There is no such thing as neutrality, wrote the Hasidic teacher Rebbe Yehudah Aryeh-Leib of Ger, known after his work as the Sefat Emet. He was quoting the ancient rabbinic saying that ‘any generation in which the Temple is not built is a generation in which it is destroyed’. On Tisha Be’Av, the bleak fast which begins this Saturday towards the close of Shabbat and continues until dark on Sunday, we remember the destruction and commit ourselves to rebuilding.
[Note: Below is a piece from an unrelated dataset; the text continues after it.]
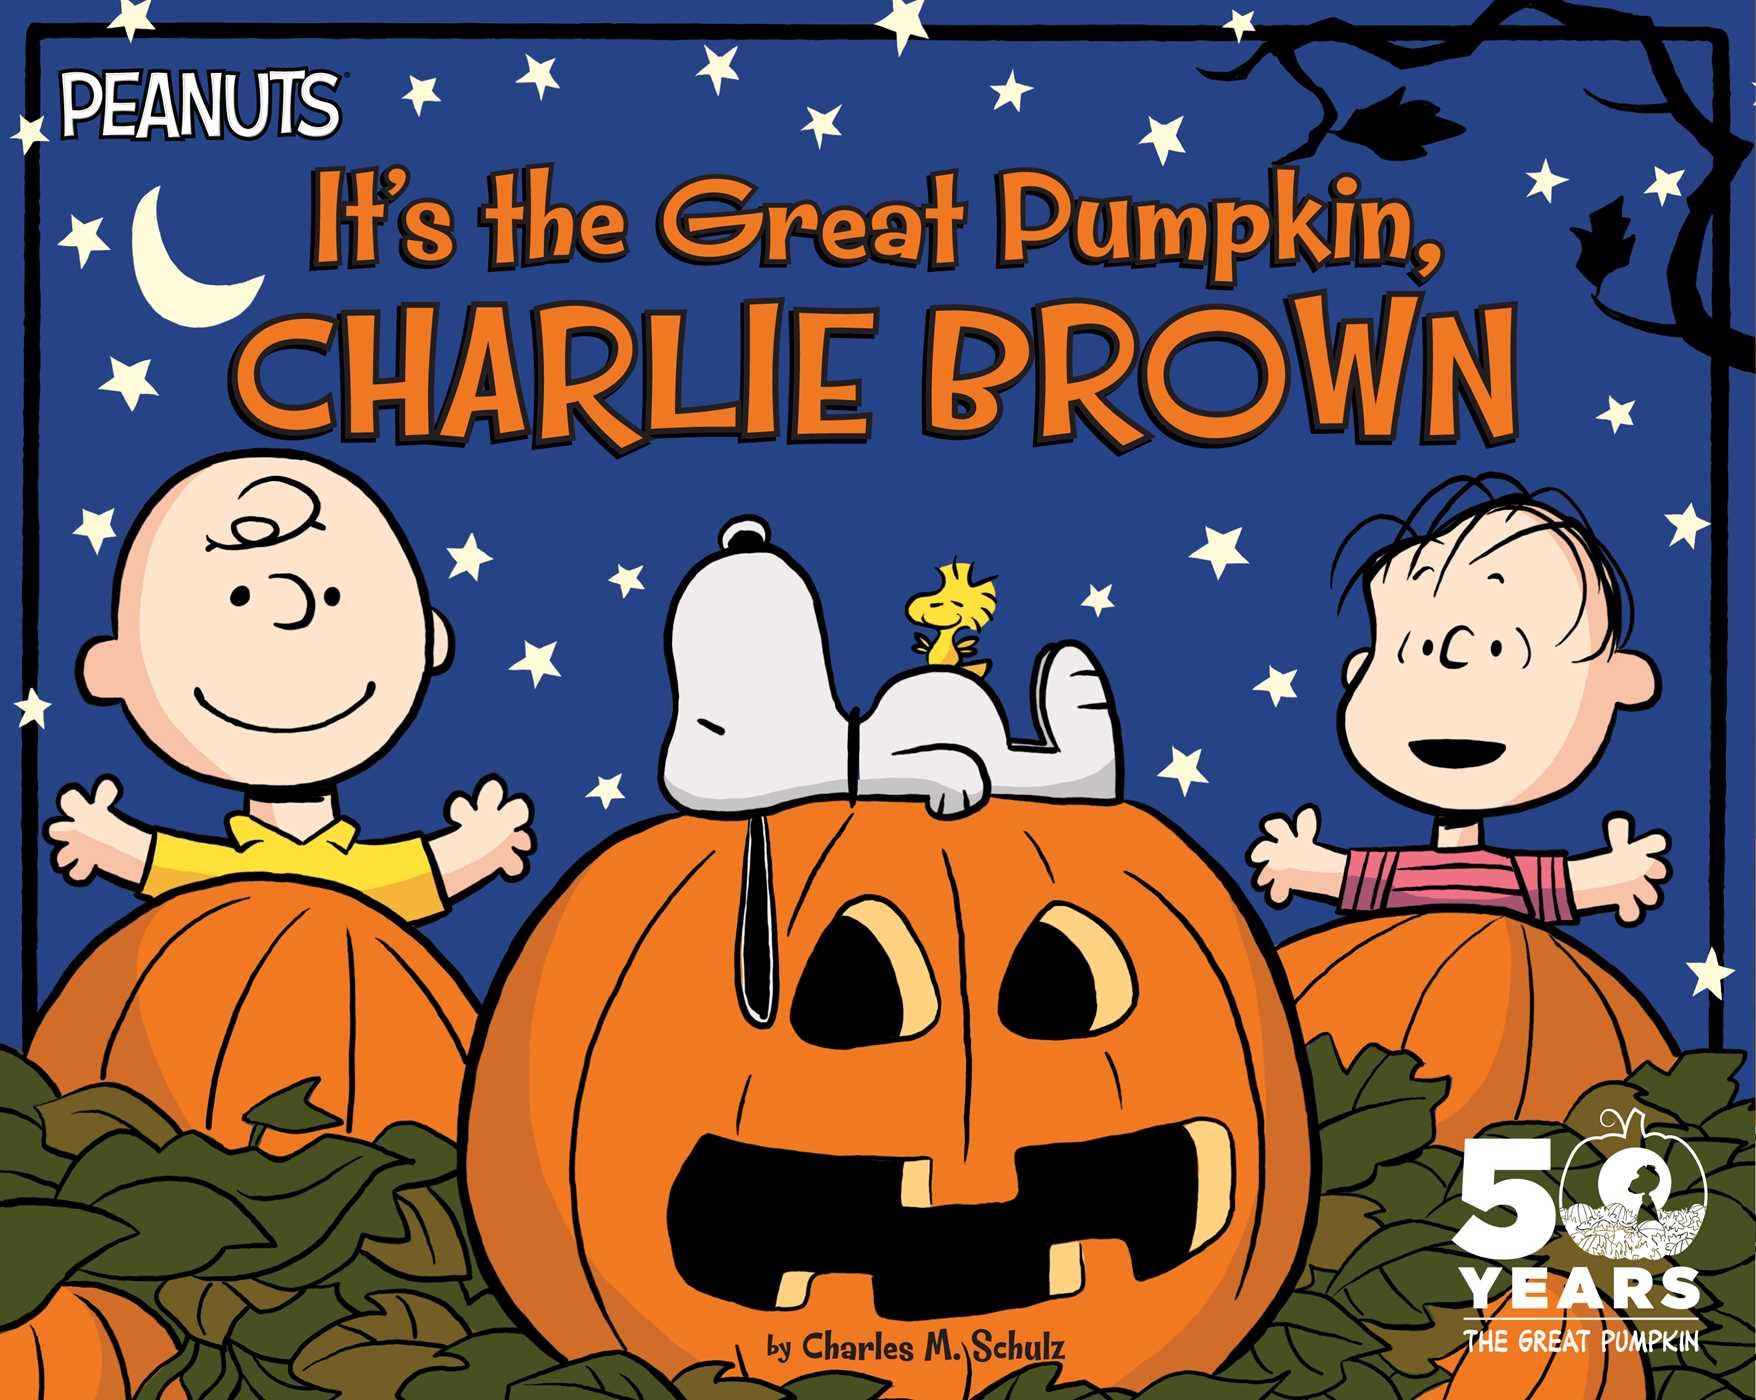 It’s the great pumpkin, Charlie Brown

In referring to the Temple, the Sefat Emet didn’t only have in mind a physical construction on the Temple Mount in Jerusalem. His was the temple of the spirit, a fourth dimension in which we live according to what God asks for us. If we did so, this physical earth too would be transformed into a world of loving-kindness, justice and peace. It would finally become the sacred space God dreamed of at creation.
I have watched the Temple being built – and destroyed – in many places; so, I’m sure, have you.
I’ve seen its foundation stone set in the Drop-in for Destitute Asylum-Seekers. Bearing the wounds of trauma, yet all too often unwanted, unheard, un-helped and rejected, here people find an island of humanity. If someone were to ask: ‘What’s that got to do with Tisha Be’Av?’ I would answer: on this date our people were made homeless by the sacking of our sacred city and our land; this is the day our people became refugees:
Judah was exiled through poverty and hard labour;
her pursuers trapped her in the narrow passes…(Lamentations 1:3)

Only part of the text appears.